1. weaken existing equivalence axioms to subClassOf
e.g. C = G1 and R1 some Y2 and R2 some Y2 .. ==>
C subClassOf G1, R1 some Y1, ...

2. for each subClassOf axiom, translate recursively to object property assertions.

E.g. if we have

C subClassOf R some D
D subClassOf D2
D2 SubClassOf R2 some E..
==>
i1 a C
i1 R i2
i2 a D
i2 R2 i3
i3 a E

this would form the instance graph input

I would like to ask your suggestion if possible.

  • So I was working on pre-processing NCIT ontology (ncit.owl) to run DL-Learner over this ontology. What happens in the pre-process step is to (i) build up dummy instances based on the above suggestion, (ii) add the dummy instances into the original ncit.owl. Later the DL-learner reasons over this expanded ncit.owl. The problem is that these reasoning steps does not finish or halts due to the OOM even I used the pan server (even if I assigned 700G memory!). I am trying to see whether there is anything I can do.

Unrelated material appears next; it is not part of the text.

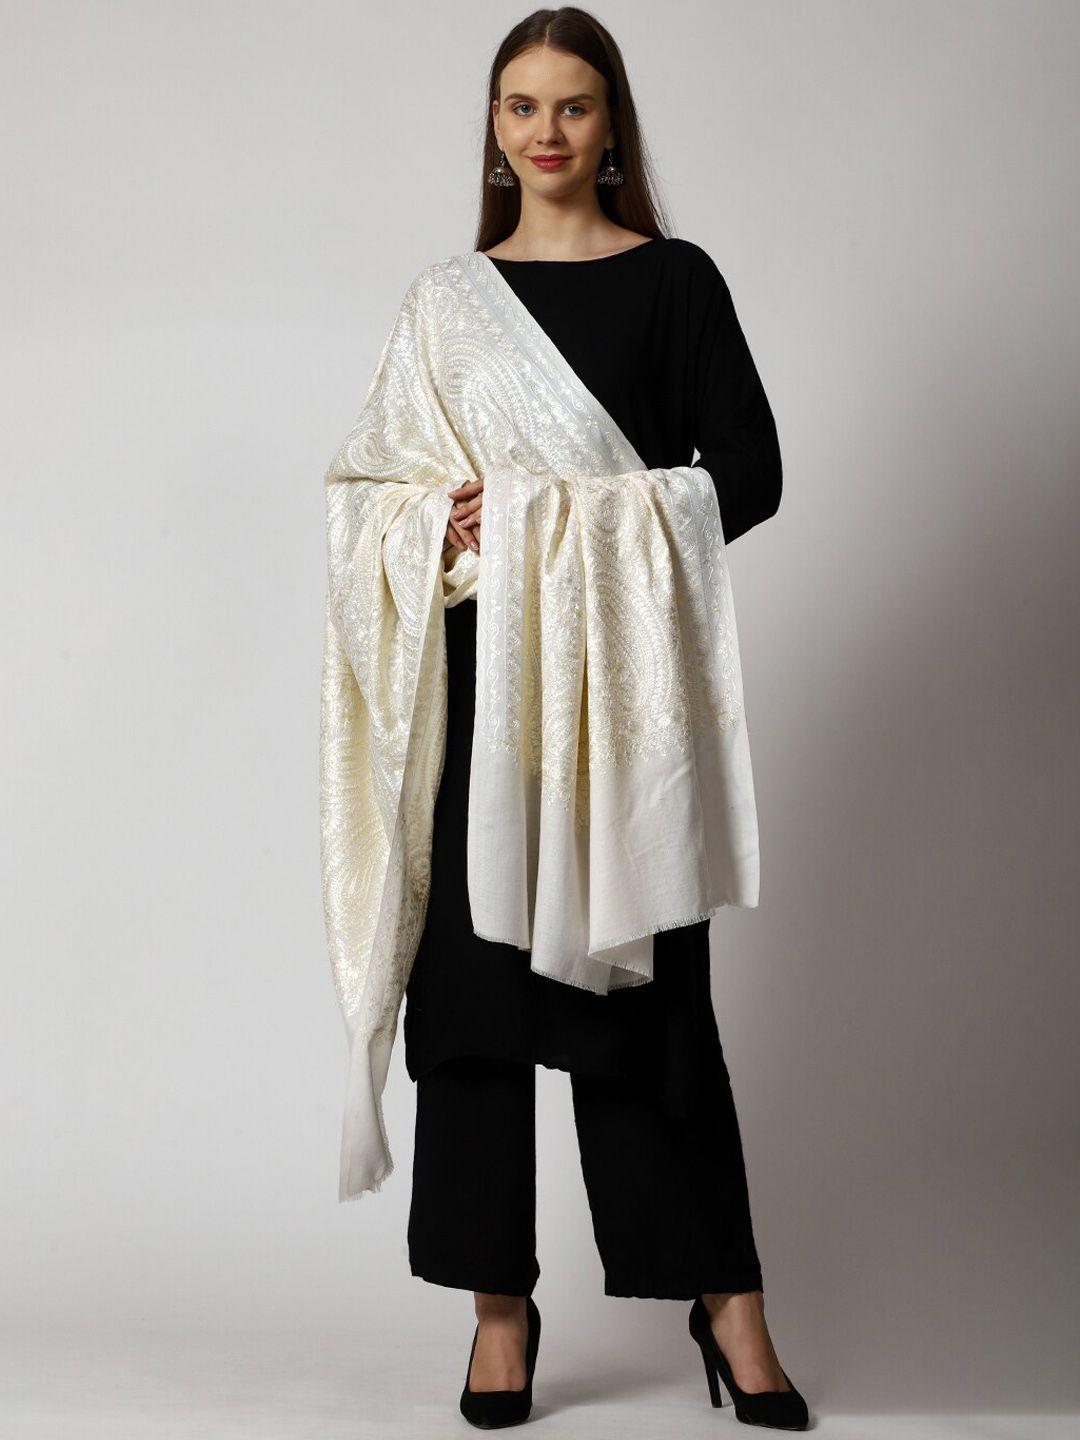 swi stylish aari work embroidered shawl

  • I was initially using the ontology file on this page (https://github.com/ontodev/ncit-obo) and wonder whether there is any difference with the one in the obofoundary (http://obofoundry.org/ontology/ncit.html). I see that some URIs prefixes are different but wonder there are any other differences. I am trying to see if I could cut out irrelevant axioms in ncit.obo to reduce the size of ontology, i.e. is it okay to cut out ones such as synonym, def, and intersection_of? I wonder whether removing such ones affects the generation of subclassOf and someValuesFrom axioms in ncit.owl.

Any other suggestions are also appreciated.

p.s. Is it better to use neoplasm.owl instead? The problem is that it does not have any someValuesFrom axioms somehow.
p.s. maybe I do not need to add the dummy instances into the original ncit.owl anymore?

Just following up here after sending this on Skype—the ontology file to use is this one:

http://purl.obolibrary.org/obo/ncit/neoplasm-core.owl

ok, I was finally able to make DL-learner process this neoplasm ontology. I saw groups of many extra classes from GO and UBERON but did not list them in the index file for now. I uploaded the report files in this repository. I will work on building charts tomorrow.